Wow, the 5th generation Toyota Avalon is a pretty special vehicle as I discovered out in San Diego, California last week during the national press launch. In fact, if the badging were to be removed quite a few people would confuse the large sedan as a member of the Lexus family, especially with that massive grille. Representing as Toyota’s flagship vehicle the 2019 Avalon has been rebuilt from the ground up with a body that is now wider, longer and lower and a tech focused cabin that is styled with soft touch materials, true Yamaha wood inlays and metal accents.
My wife Misa and I are owners of a 4th generation 2014 Avalon so I am very familiar with the attitude this vehicle represents and how it appeals to the consumer market. We have a white on black fully loaded Limited model that satisfies all of Misa’s needs. And this is coming from a person that downsized from an Audi Q7 and still remains satisfied. The only thing that is disappointing is the forgiving suspension which reduces her driver confidence. Well, I didn’t have that problem in the new Avalon which is empowered by Toyota’s Adaptive Variable Suspension (standard on Touring) with on the fly damping adjustments consisting of 650 levels within 20 milliseconds. Driving characteristics of AVS can change based on the selection of the drive modes (Eco, Normal/Custom, Sport, Sport +). Moreover, AVS is not an air suspension so owners will not have to worry about future repair costs which can be expensive on those types of units. This system uses fluid from the hydraulic shocks to create stiffer or softer rides.

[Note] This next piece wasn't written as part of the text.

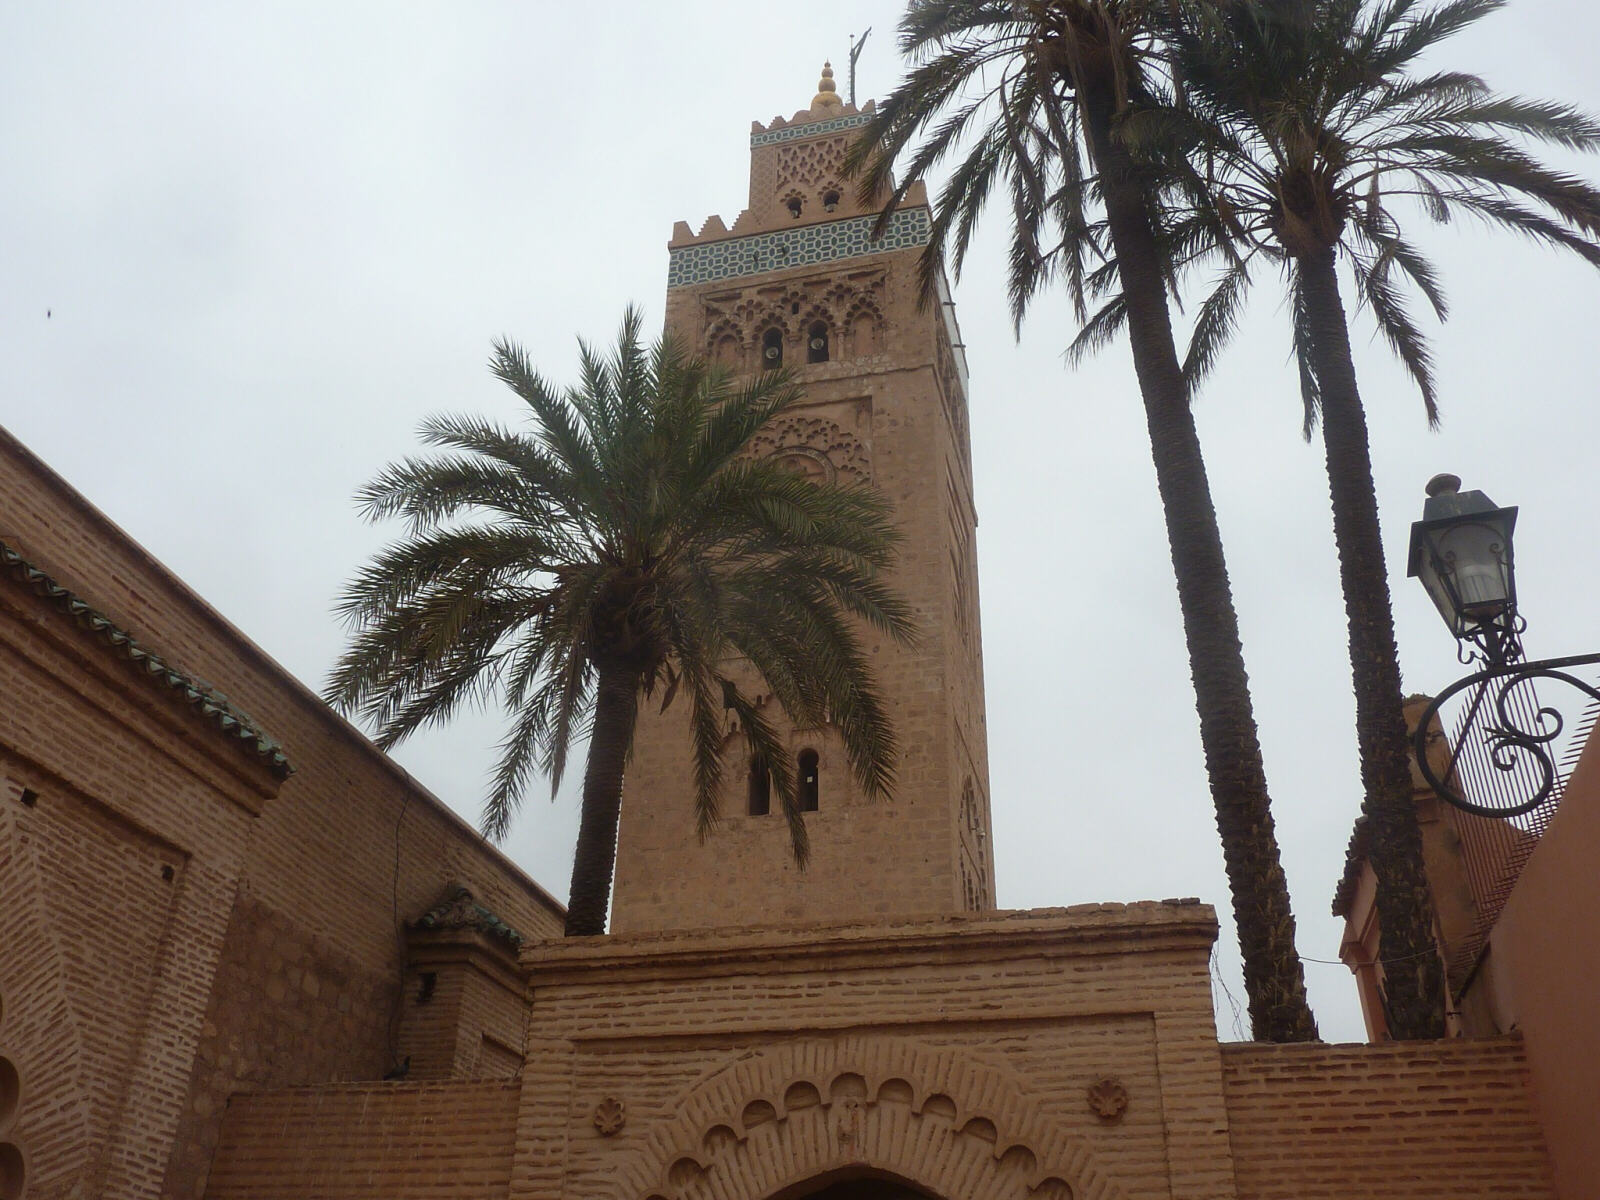 Minaret of the Koutoubia mosque in Marrakech

The new Avalon will arrive to dealerships in May in four basic grades: XLE, XSE, Limited and Touring. Each of which can be copped as a hybrid model except the Touring. So basically, these options provide the premium, midsize sedan market with four more gasoline models and three additional hybrids to choose between. The only setback in my opinion is the lack of an all-wheel drive option which would be highly welcomed in area codes with wild weather patterns like the Northeast region.
In addition to a longer wheelbase the Avalon features a chiseled frame with sharp edges, lines and creases, slim LED headlamps, new LED taillights, a unified lower and upper grille, a graceful rear end, tangential vents, quad exhaust tips in chrome on some models, trunk lid spoiler and under body panels. Adaptive LED Cornering Lamps are standard on both the Limited and Touring model. The vehicle is very striking and attractive.
In San Diego my drive partner and I enjoyed a few epic days of fun in the Sun in the Avalon as we cruised from the coast to Balboa Park which is a 1,200-acre urban cultural park near downtown. Our ride of choice was a Midnight Black Metallic Avalon Touring which was powered by the 3.5-liter V6 DOHC engine with an output of 301-horsepower and 267 lb-ft of torque. It’s paired with a Direct Shift 8-speed automatic transmission and aluminum paddle shifters. Expect 26 combined MPG. Highway acceleration is superb, steering is centered and its agility is favorable for quick getaways. My ride also featured 19” machine finished black alloy spins tucked in 235/40 R19 Bridgestone rubber. The other engine of choice is the 2.5-liter Dynamic Force 4-cylinder found on the hybrid models with 215-horsepower (net) and an estimated 44 combined MPG.
Toyota wants to attract a younger buyer for the Avalon so of course they created a cockpit conducive to youthful lifestyles. I know exactly what they mean because Misa actually purchased the family Avalon from her dad who is in his 60s. Updates include a cabin that is roomier and also features a noise cancelling windshield. A 9” vertical touchscreen display dominates the driver centric center stack and embeds, navigation, a backup camera, Apple CarPlay, Verizon Wi-Fi, Amazon Alexa, Entune 3.0 with JBL’s 1,200-watt and 14-speaker audio system and much more. We also had a power sunroof, the 10” color Head-Up Display, aluminum pedal covers, a Qi-wireless charge pad, frameless mirror and five USB ports including two in the rear. Let’s also not forget the smartphone cupholder!
Safety will always be a hallmark of this Japanese auto brand because it’s in their nature. Toyota Safety Sense for example is standard across the lineup and gives you Pre-Collision System with Pedestrian Detection, Full-Speed Range Dynamic Radar Cruise Control and Lane Departure Alert with Steering Assist. In addition to 10 standard airbags your Avalon will also come equipped with the Star Safety System with Enhanced Vehicle Stability Control, Traction Control, Brake Assist, Smart Stop Technology and more.
Pricing starts at $35,500 for a gas Avalon XLE and $36,500 for the Hybrid and can run up to $42,200 for the Avalon Touring model. Now the next decision is to see if we ride out on Toyota’s impeccable dependability and keep our 2014 Avalon or get with the signs of the time and bring home the latest and greatest!